• _INFORMATION PROVIDED_:

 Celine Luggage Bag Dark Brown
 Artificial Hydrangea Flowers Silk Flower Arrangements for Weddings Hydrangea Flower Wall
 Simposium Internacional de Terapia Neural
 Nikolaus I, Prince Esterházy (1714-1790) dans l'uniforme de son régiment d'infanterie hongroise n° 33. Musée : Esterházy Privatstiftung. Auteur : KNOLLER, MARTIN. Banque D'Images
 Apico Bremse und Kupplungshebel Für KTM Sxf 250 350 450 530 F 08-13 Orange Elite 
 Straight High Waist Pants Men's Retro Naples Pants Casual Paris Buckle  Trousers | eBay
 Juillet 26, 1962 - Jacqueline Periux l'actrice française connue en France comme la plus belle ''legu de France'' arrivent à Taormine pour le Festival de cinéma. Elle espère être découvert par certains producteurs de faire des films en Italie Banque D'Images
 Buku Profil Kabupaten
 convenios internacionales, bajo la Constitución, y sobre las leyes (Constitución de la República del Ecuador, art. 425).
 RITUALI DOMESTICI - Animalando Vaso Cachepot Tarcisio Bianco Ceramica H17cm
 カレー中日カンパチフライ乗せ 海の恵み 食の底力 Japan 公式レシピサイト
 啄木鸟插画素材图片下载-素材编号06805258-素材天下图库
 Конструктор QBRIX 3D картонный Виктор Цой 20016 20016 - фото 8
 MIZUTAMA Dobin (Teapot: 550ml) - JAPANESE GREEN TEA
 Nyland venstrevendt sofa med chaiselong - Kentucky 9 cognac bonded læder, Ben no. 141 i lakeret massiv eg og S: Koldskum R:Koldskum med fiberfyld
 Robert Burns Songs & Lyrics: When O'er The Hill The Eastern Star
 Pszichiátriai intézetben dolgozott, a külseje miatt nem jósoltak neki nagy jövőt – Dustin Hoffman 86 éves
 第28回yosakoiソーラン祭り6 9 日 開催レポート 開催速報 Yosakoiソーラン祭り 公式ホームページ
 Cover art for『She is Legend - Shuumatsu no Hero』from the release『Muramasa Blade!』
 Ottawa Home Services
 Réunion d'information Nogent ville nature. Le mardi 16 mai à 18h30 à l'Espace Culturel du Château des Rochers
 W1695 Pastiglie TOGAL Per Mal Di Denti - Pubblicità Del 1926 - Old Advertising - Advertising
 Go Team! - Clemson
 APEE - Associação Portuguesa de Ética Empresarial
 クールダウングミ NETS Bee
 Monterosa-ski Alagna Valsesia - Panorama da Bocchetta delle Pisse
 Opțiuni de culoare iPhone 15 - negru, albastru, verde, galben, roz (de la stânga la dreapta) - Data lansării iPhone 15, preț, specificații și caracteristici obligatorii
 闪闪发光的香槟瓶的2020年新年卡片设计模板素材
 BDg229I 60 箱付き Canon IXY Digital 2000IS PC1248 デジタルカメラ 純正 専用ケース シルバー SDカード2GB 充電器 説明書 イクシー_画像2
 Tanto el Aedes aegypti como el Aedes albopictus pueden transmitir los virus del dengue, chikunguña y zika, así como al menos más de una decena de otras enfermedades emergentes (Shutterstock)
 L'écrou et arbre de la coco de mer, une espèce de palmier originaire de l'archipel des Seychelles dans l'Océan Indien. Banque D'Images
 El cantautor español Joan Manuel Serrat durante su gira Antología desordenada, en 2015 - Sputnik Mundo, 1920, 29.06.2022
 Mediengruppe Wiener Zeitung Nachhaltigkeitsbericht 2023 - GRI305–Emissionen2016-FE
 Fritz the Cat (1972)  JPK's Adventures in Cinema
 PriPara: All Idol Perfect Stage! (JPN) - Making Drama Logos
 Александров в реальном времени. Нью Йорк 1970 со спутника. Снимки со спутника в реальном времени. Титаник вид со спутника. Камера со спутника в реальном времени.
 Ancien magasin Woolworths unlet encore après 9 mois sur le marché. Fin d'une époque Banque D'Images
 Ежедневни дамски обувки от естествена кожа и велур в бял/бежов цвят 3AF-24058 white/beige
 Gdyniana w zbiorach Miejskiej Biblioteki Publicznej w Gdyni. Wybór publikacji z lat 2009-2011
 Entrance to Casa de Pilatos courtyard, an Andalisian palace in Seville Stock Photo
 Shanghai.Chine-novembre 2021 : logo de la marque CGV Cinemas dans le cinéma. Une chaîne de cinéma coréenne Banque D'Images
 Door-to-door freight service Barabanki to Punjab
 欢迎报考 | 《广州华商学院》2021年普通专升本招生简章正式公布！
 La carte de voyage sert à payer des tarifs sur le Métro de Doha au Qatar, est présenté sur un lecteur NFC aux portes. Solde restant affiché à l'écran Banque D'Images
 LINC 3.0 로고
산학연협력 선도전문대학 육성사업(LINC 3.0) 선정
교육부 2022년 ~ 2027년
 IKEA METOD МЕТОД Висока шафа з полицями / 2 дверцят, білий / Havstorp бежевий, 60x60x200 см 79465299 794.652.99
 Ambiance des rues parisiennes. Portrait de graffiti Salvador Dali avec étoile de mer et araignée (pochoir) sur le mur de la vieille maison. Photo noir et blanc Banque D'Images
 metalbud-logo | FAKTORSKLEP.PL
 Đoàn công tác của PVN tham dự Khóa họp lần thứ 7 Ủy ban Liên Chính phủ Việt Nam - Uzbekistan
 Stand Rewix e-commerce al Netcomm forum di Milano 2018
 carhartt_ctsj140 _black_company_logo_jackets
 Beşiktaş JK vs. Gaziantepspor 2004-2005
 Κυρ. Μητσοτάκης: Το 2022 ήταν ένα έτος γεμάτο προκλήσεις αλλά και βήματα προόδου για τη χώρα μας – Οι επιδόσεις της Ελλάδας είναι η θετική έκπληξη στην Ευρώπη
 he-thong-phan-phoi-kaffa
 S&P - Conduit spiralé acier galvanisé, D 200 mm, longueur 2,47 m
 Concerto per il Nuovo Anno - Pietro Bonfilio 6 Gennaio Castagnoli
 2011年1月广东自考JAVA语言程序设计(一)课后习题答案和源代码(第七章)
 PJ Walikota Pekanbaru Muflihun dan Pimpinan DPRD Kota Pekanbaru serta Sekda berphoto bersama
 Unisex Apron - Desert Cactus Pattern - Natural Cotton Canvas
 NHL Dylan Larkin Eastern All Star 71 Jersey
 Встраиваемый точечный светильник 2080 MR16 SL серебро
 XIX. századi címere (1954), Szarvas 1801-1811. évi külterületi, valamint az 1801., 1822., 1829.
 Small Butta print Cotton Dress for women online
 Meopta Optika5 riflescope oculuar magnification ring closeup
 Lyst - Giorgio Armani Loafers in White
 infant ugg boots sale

• _TASK_:
Copy all lines from the material that hold "cinéma".

• _OUTPUT BELOW_:
 Juillet 26, 1962 - Jacqueline Periux l'actrice française connue en France comme la plus belle ''legu de France'' arrivent à Taormine pour le Festival de cinéma. Elle espère être découvert par certains producteurs de faire des films en Italie Banque D'Images
 Shanghai.Chine-novembre 2021 : logo de la marque CGV Cinemas dans le cinéma. Une chaîne de cinéma coréenne Banque D'Images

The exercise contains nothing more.